Em seguida, em João 21.20, Pedro pergunta a respeito do discípulo amado. Jesus responde hipoteticamente: “Se eu quiser que ele fique até que eu venha, que te importa? Segue-me tu” (v. 22). Essa história é contada para mostrar como surgiu o boato de que o discípulo amado continuaria vivo até a volta de Jesus. Ela também sugere que o discípulo amado deve ter permanecido vivo até muito tempo depois da morte de Pedro. A história de Pedro no quarto evangelho termina, portanto, com um estimulante recomissionamento, mas também com a promessa de um desenlace como o de Jesus.
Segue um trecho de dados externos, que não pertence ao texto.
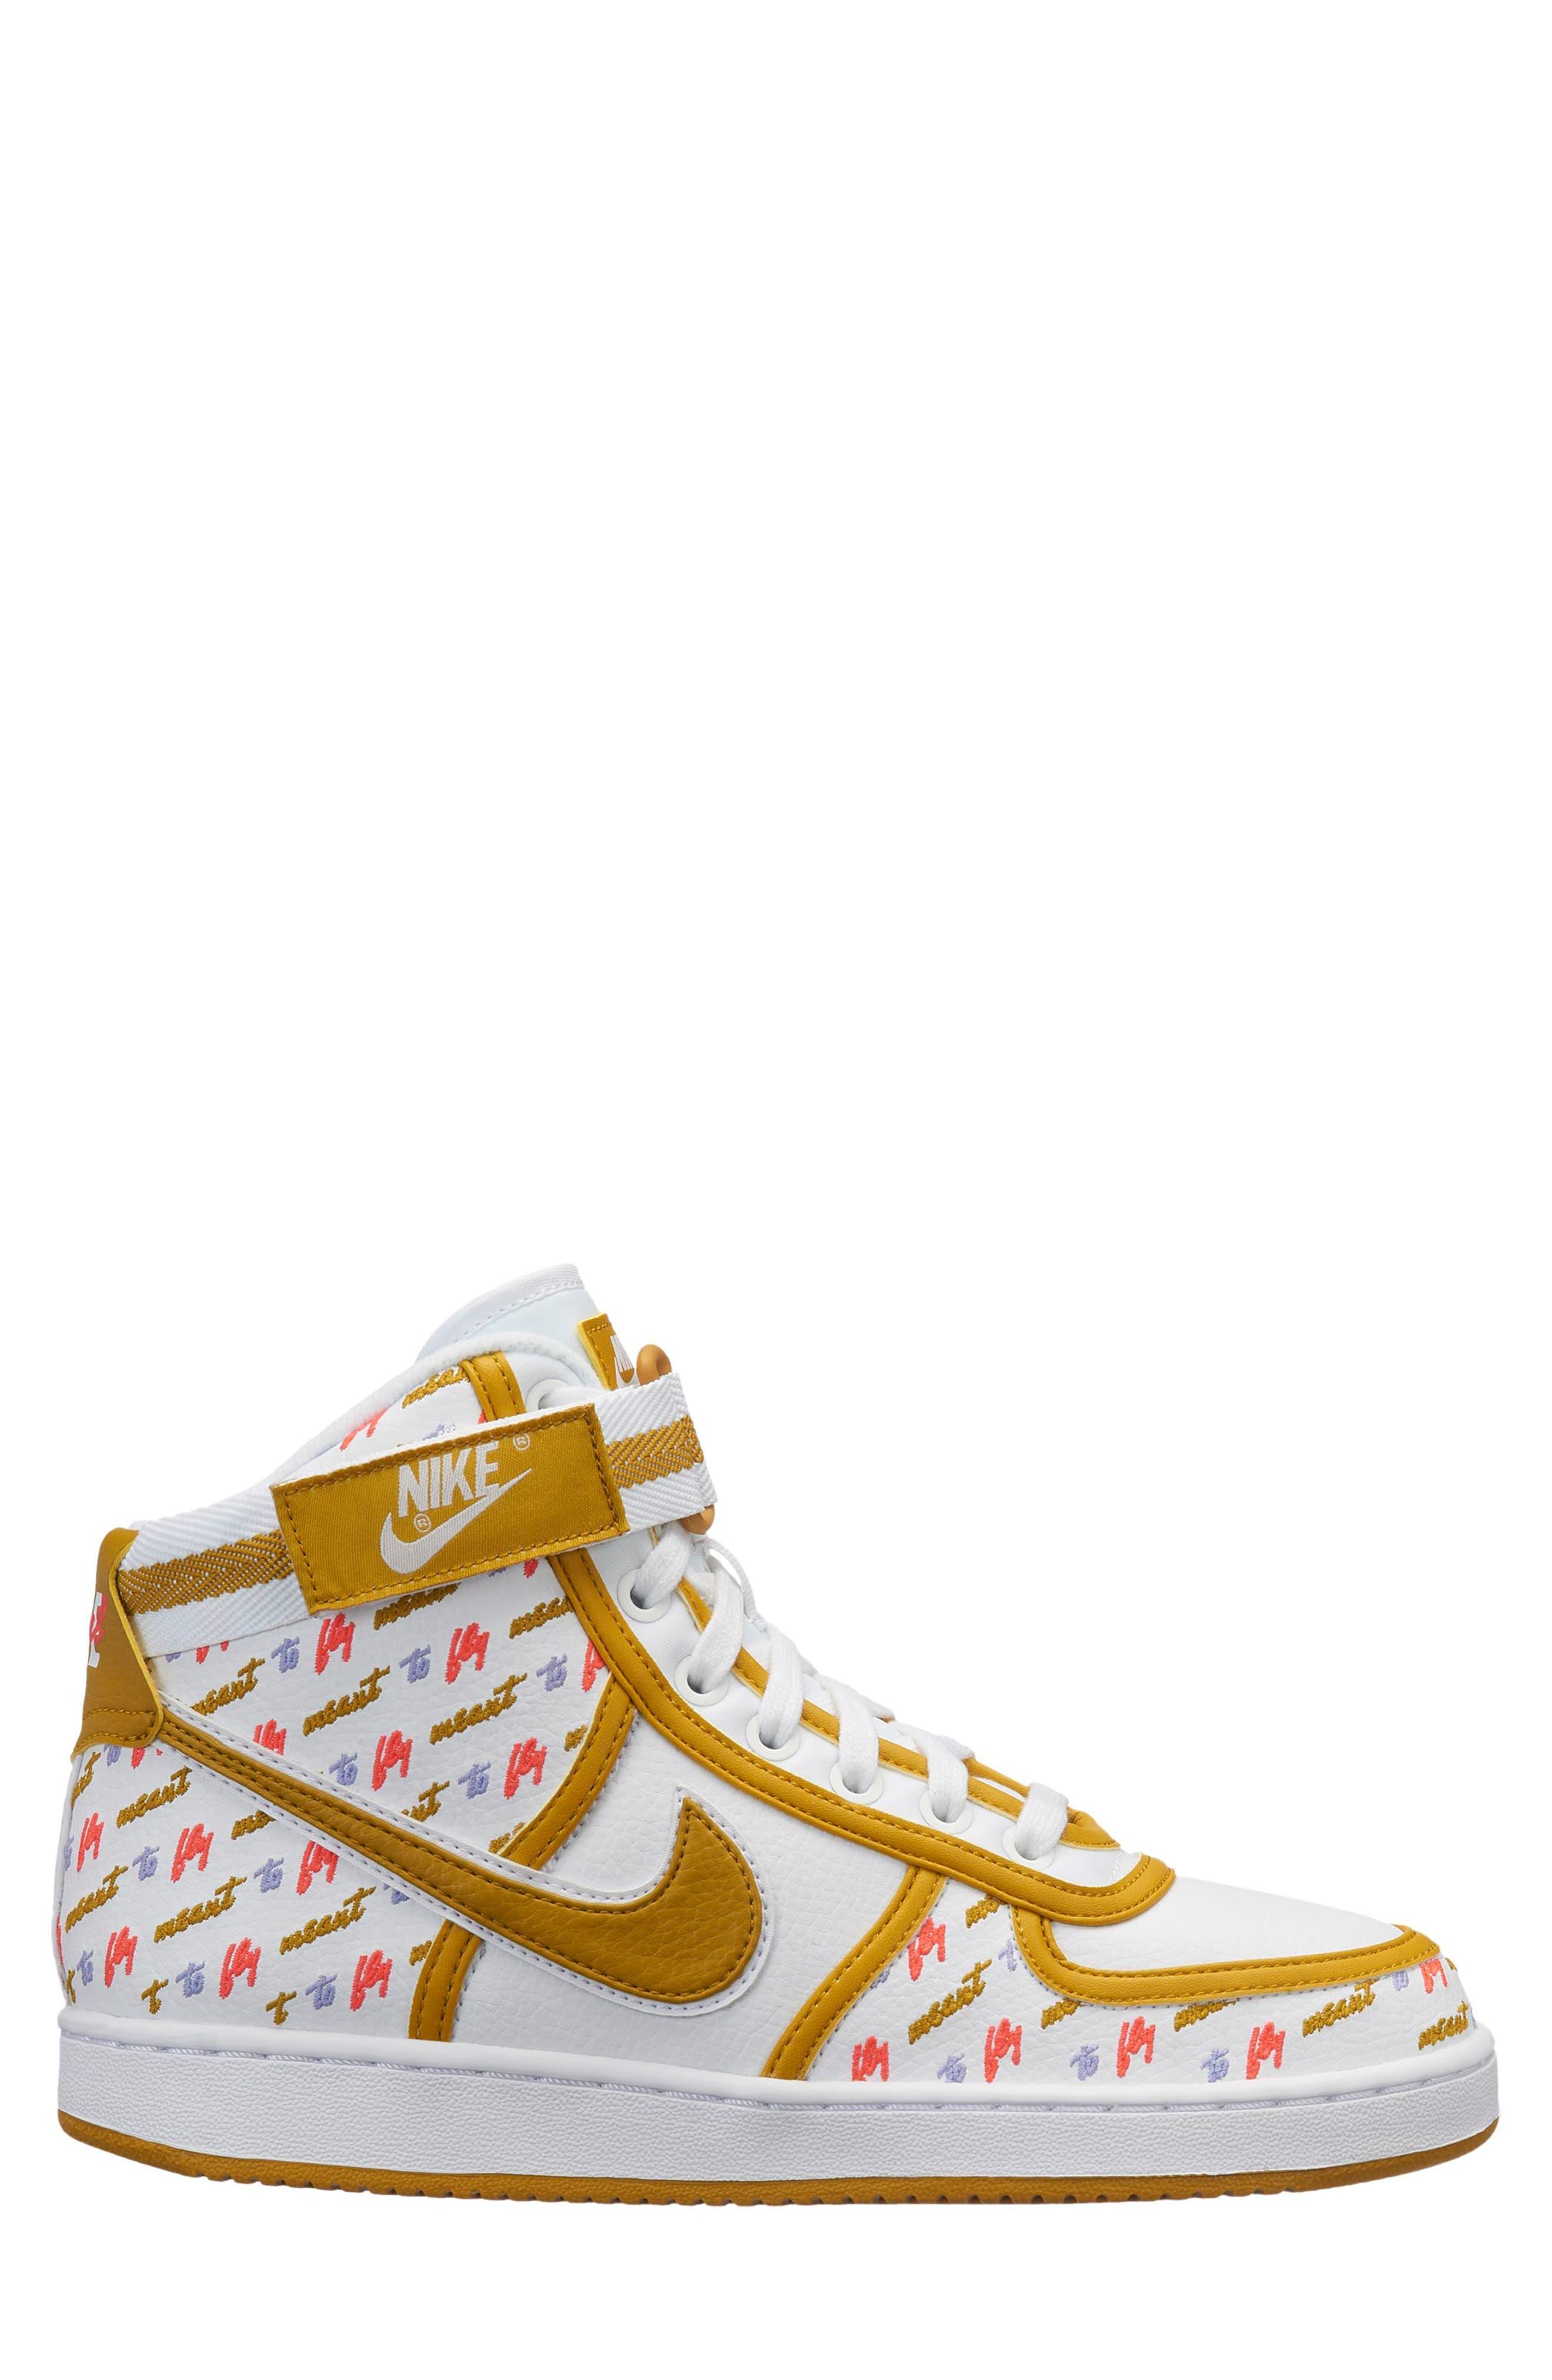 Vandal High Lux Sneaker,                         Main,                         color, WHITE/ CITRON/ TWILIGHT PULSE
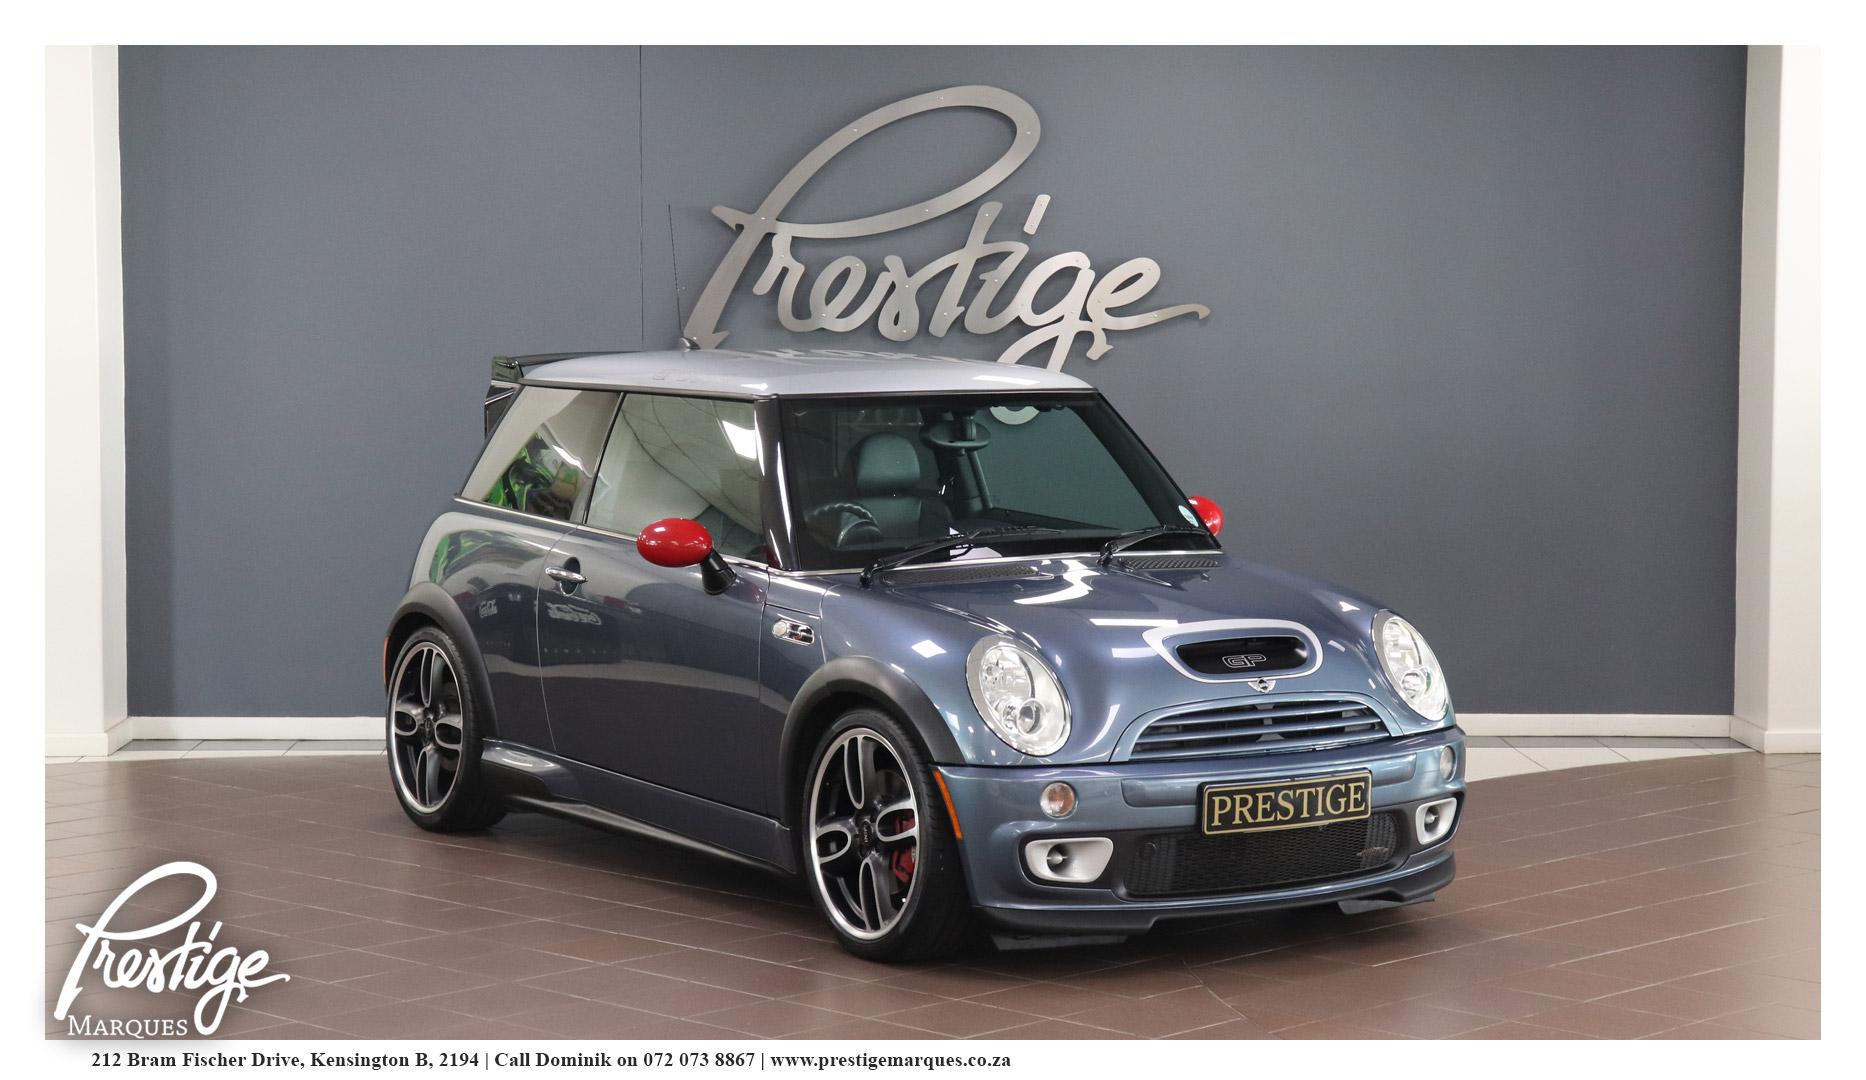 2006-Mini-Cooper-S-GP-Johon-Cooper-Works- Prestige-Marques-Randburg-Sandton-1

Pedro aparece em Lucas e Atos como um personagem importante na narrativa da história da salvação. Precisamos nos ater à contribuição especial que Lucas traz ao retrato de Pedro, reconhecendo que ele também segue o relato de Marcos. Não há referências a Pedro anteriores a Lucas 4.38, 39, em que o autor simplesmente repete a história da cura da sogra de Simão, que é apresentado aos leitores nesse momento, de forma indireta. A chamada de Simão ao ministério ocorre em Lucas 5, onde temos a história de uma grande pescaria, semelhante em alguns aspectos ao episódio de João 21, do qual já falamos. Todavia, no relato de Lucas sobre a chamada dos primeiros discípulos, é dito que Jesus subiu no barco de Simão, pediu-lhe que se afastasse um pouco da margem e começou a ensinar à multidão que se aglomerava na praia. Quando termina de falar, ele diz a Pedro que leve o barco para águas profundas e lance as redes. Simão responde que fará isso porque o mestre pede, mas que eles tinham trabalhado a noite inteira e não pescaram nada. Segue-se, então, uma pescaria tão extraordinária, que Simão afirma: “Afasta- te de mim, Senhor, porque sou um homem pecador” (v. 8). Jesus tranqüiliza Simão, dizendo-lhe que não precisava ter medo e que, a partir daquele momento, ele passaria a pescar criaturas ainda mais arredias — seres humanos (v. 10). Como resposta, eles puxam os barcos para a praia, largam tudo e passam a seguir Jesus. Essa história mostra a preocupação do historiador em descrever os antecedentes da chamada dos primeiros discípulos e de sua caminhada com Jesus, mostrando como eles deixaram a antiga profissão, encerrando aquele capítulo da vida deles.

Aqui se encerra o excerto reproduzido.